Seven groups of people are assumed to be involved in transmission during the exposure period, including inpatients, visitors, doctors, nurses, health assistants, cleaners and medical students. The infection patterns of inpatients were studied because their behaviour was simpler than that of HCWs and visitors, and they presented more available data than medical students [20]. During the hospitalisation of the index patient, 30 of 74 inpatients were infected. As shown in Fig 3A, the distribution of infected inpatients exhibited a clear pattern (P = 0.0015, Pearson chi-square test), with the highest attack rate (0.6500, 13 of 20 inpatients) in the source cubicle (including Beds 9x, 9–16 and 16x), a little lower (0.5238, 11 of 21 inpatients) in the adjacent cubicle (including Beds 17x, 17–24 and 24x) and lowest (0.1818, 6 of 33 inpatients) in the remote cubicles (including Beds 1x, 1–8, 25x, 25–32 and 32x) [20].

Major assumptions

As the information for this outbreak and the studies on properties of SARS-CoV are not sufficient, we made three major assumptions to build our model as follows. First, six representative HCWs’ routine round patterns were considered, and the contact modes between HCWs and different patients were assumed to be the same. As shown in Fig 3C and Figure D(iii) in S1 File, doctors and nurses were responsible for all of the inpatients, and they examined all of the patients in the ward in clockwise and anticlockwise directions in Patterns 1 and 2, respectively. As shown in Fig 3E and Figure D(v) in S1 File, each doctor and each nurse was responsible for inpatients in a cubicle, and examined them in clockwise and anticlockwise directions in Patterns 3 and 4, respectively. In addition, in the scenario in which doctors or nurses allocated the patients in the order in which they checked in, the inpatients for whom a doctor or a nurse took responsibility might have been random. In that scenario, each doctor and each nurse examined a random nine or ten inpatients (e.g., circles of four colours in Fig 3G and Figure D(vii) in S1 File) in the ward in clockwise and anticlockwise directions in Patterns 5 and 6, respectively.

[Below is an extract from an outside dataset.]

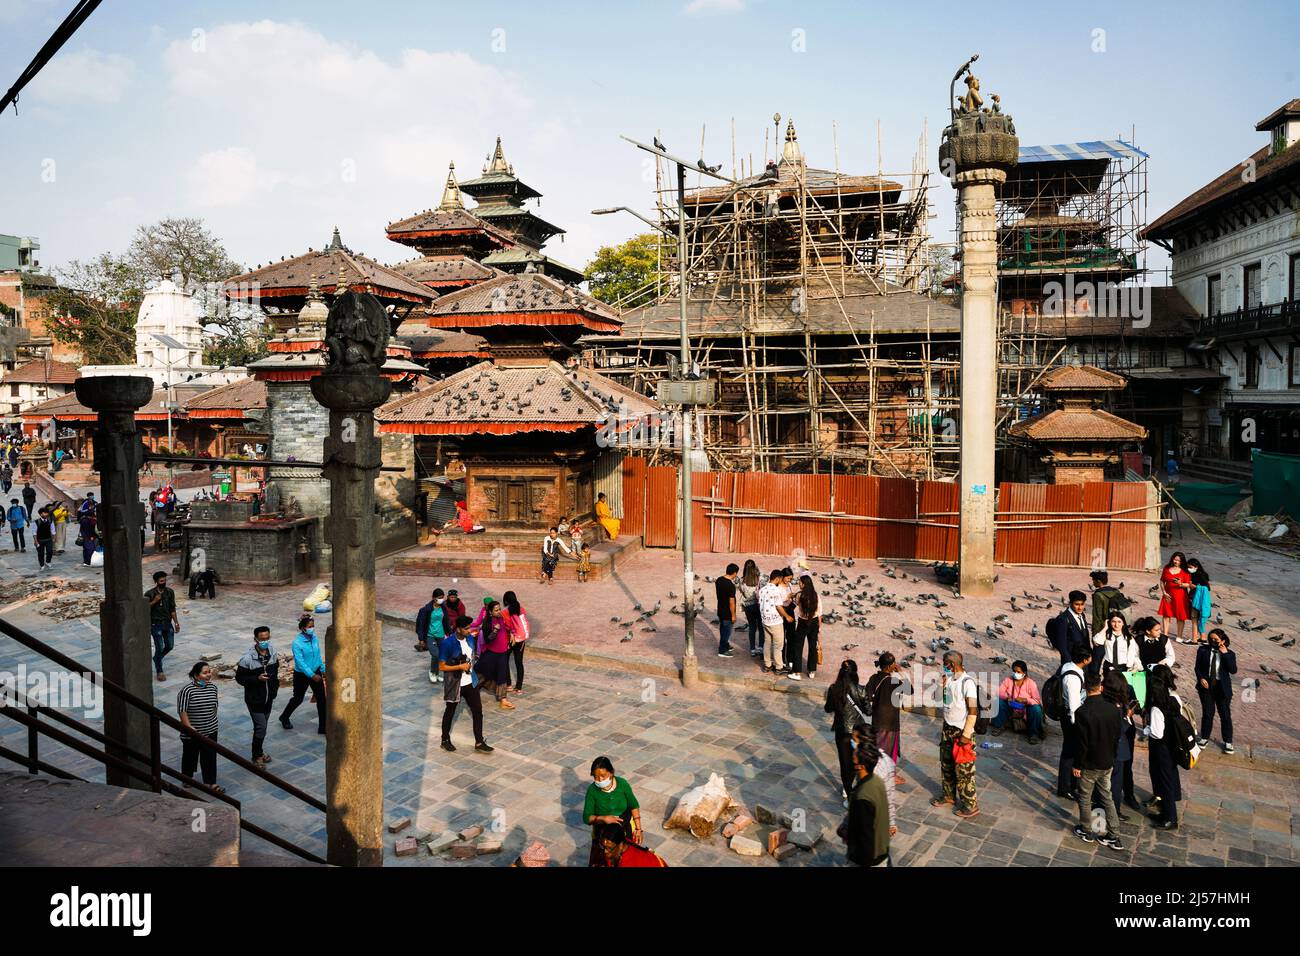 Durch das Erdbeben am 25.4.2015 zerstörte Tempel im Tempelbezirk Durbar Square werden reatauriert, Kathmandu, Nepal Stock Photo

Second, the uncertain parameters related to the properties of SARS-CoV were assumed and individual differences were not considered, as listed in S1 File. These parameters included surface areas (Table B in S1 File), transfer rate between surfaces (Table C in S1 File), virus inactivation rates on surfaces (Table D in S1 File), virus loads (Table E in S1 File), dose-response parameters (Table F in S1 File) and the largest virus-containing droplet size (Table I in S1 File).

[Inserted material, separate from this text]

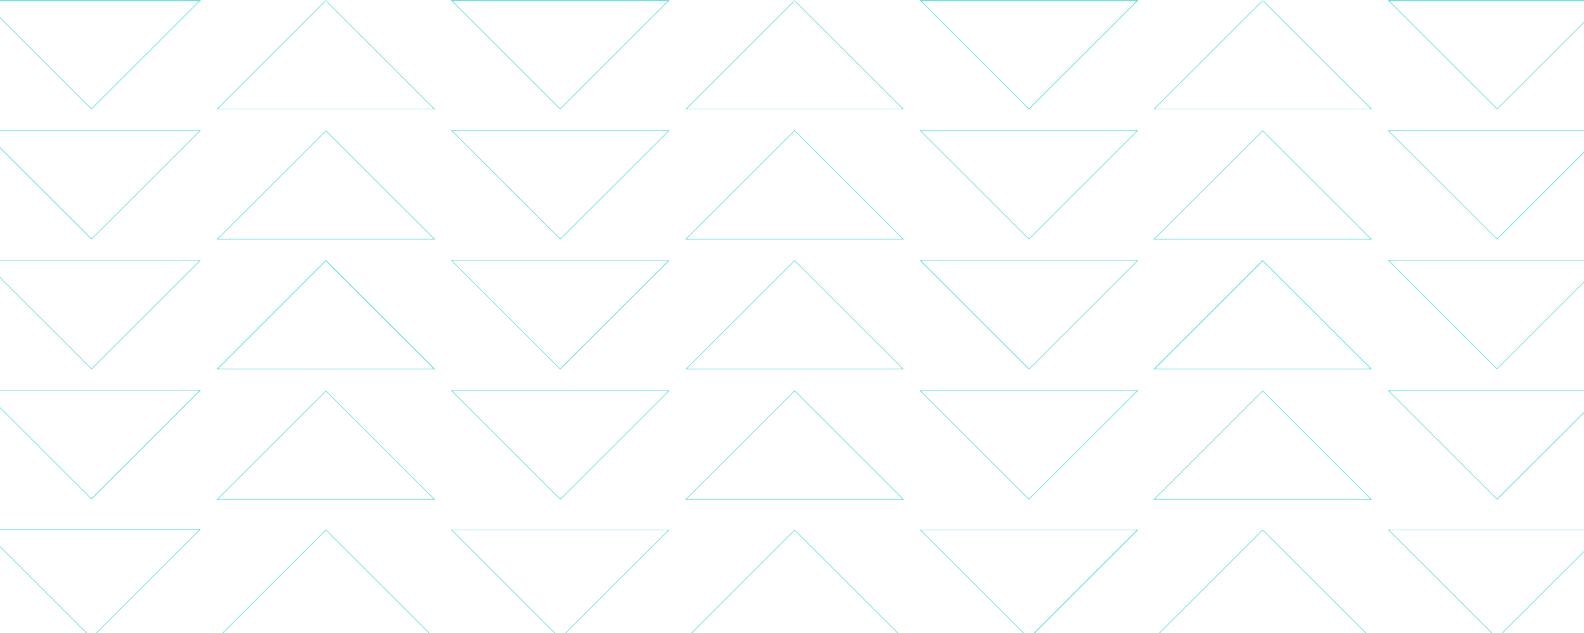 Ilustrasi menunjukkan garis biru tipis membentuk pola segitiga halus

Third, for all susceptible patients, the length of exposure period were assumed to be same (March 4–12, 2003) and the index patient was assumed to be the only source. Since the information about admission and discharge timing of patients were vague in the outbreak related reports and researches [20, 30, 32], we could not estimate the exposure period for every patient. As for the virus source, although there were 13 normal patients getting infected during the exposure period [20], the viral load was still low compared to the index patient [33]. Therefore, we did not consider the transmission from early-onset cases to the later cases.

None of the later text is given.